From a mere look of that chair, he was able to say that the chair belonged to the railways, not with standing the fact that the chair was not containing any mark. Such evidence cannot be brushed aside, as one can very well visualise in day-to-day life that one can identify a property as his, by his long association with such property, not with standing the fact that such property is not bearing any identification mark, inasmuch as an intranslavable impression had been formed in his mind, so as to come to a conclusion that by a very look of such a property, he would be able to identify that it was his property.
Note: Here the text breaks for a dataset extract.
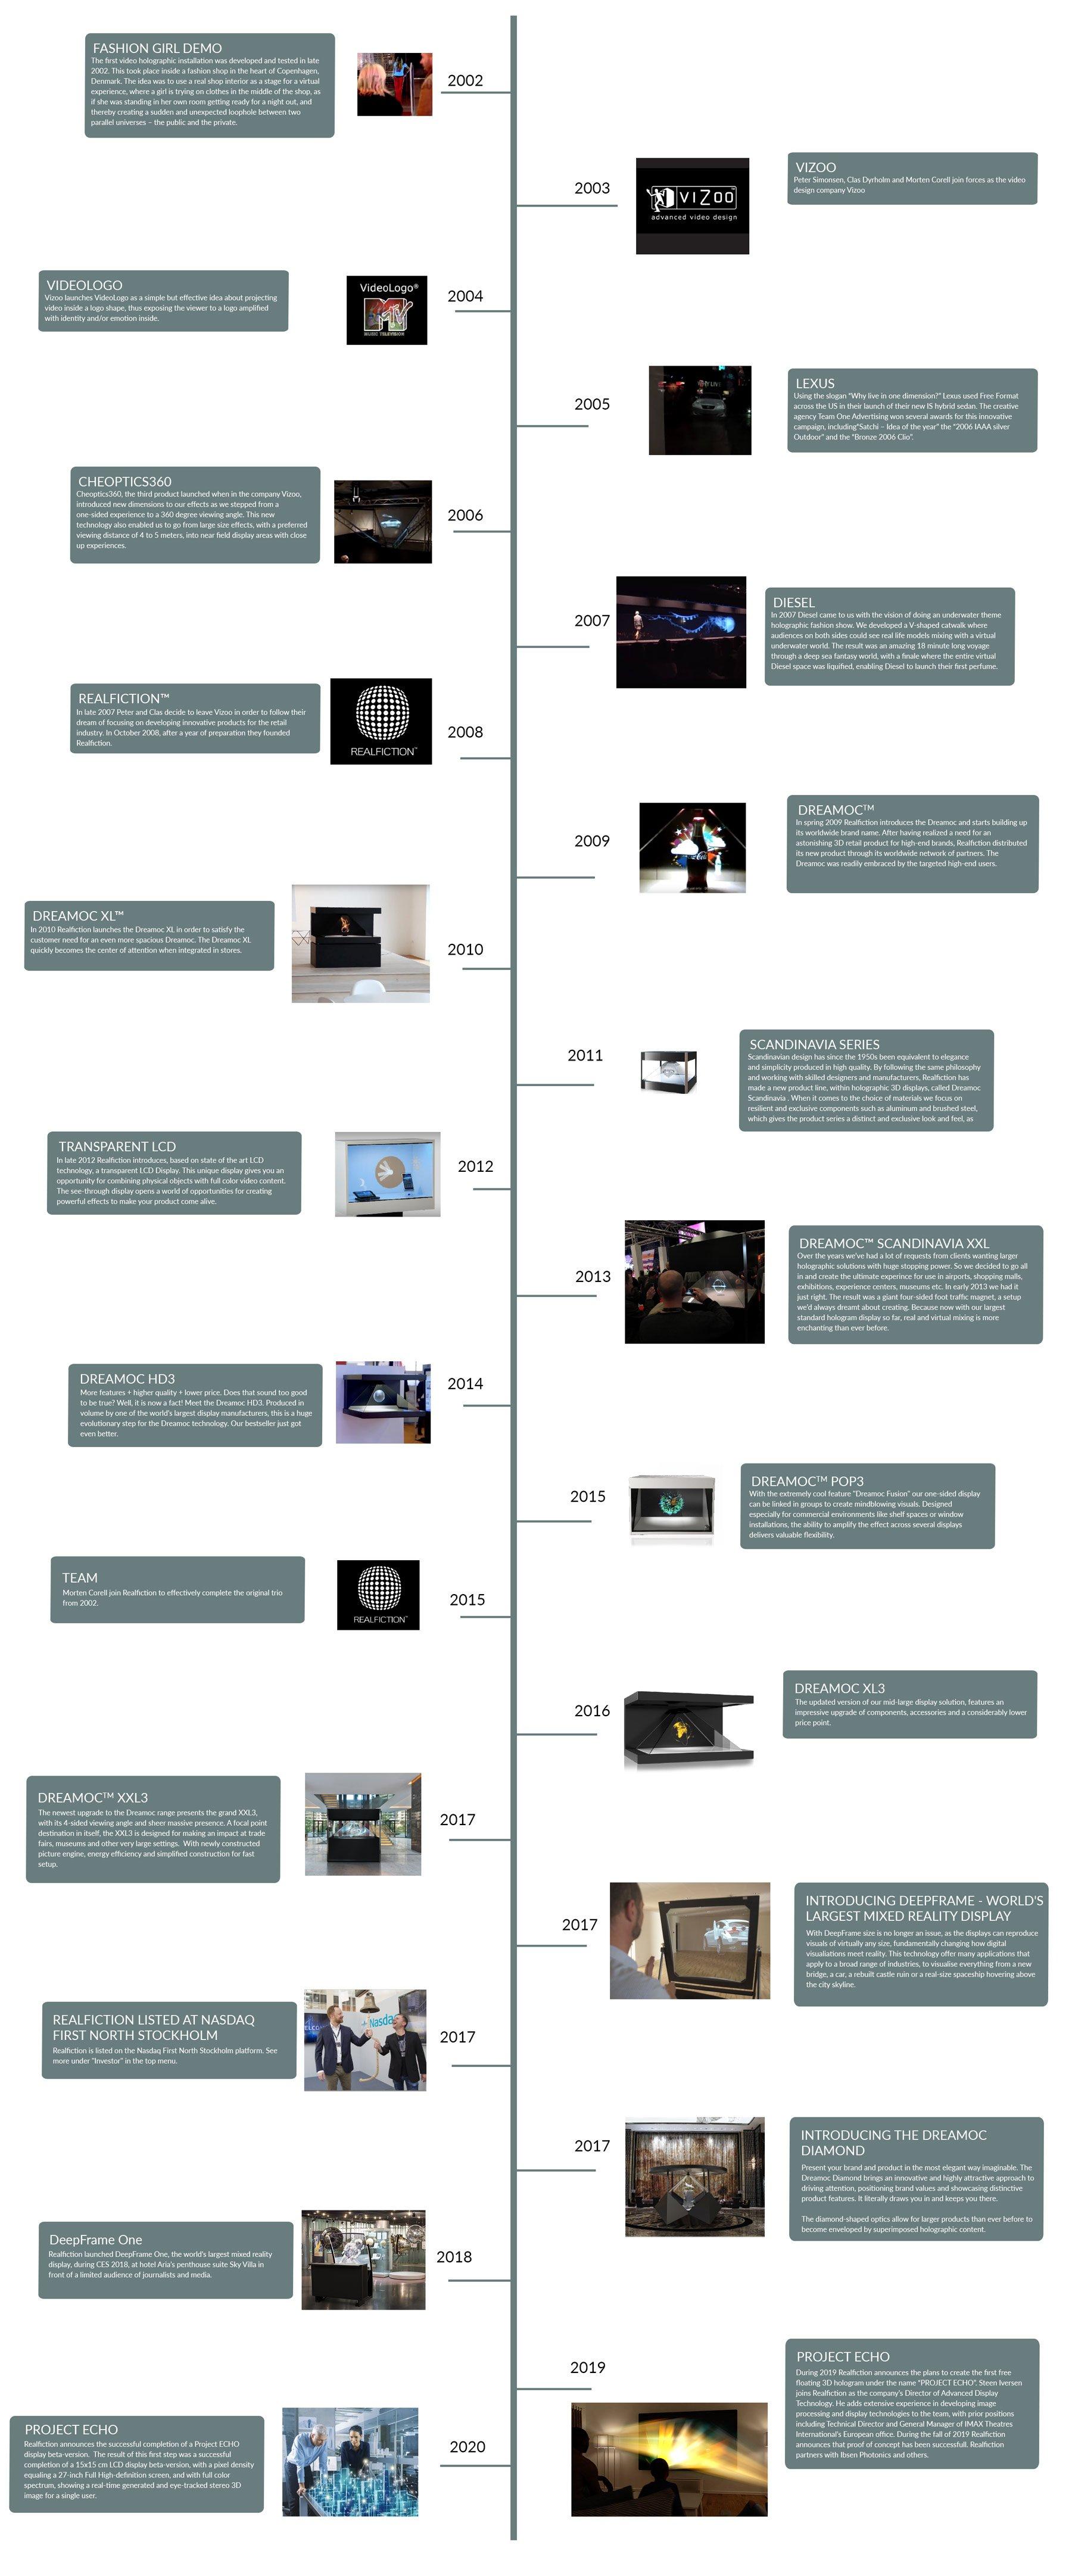 Realfiction-history

Applying such a principle, the evidence of P.W.3 as to the identity of one of the chairs as belonging to the railways, even in the absence of any mark thereon cannot be belittled. As such, both the Courts below have correctly sifted and placed reliance on the evidence of P.W.3 as those chairs belonging to the railways. 8. Under Sec.3 of the Act, once the properties are proved to be railway properties, then it is for the accused, from whose possession the properties were seized, to prove that he came into possession of such properties lawfully and in the absence of such proof forthcoming, it goes without saying that such a person had been in unlawful possession of the railway properties, thereby liable to be punished for such unlawful possession. Nothing is traceable or available on record as to any material forthcoming from the side of the accused pointing out that he came into possession of the four A/c. chairs in a lawful way. 9. In this view of the matter, or the reasons as above, the revision deserved to be dismissed and is accordingly dismissed.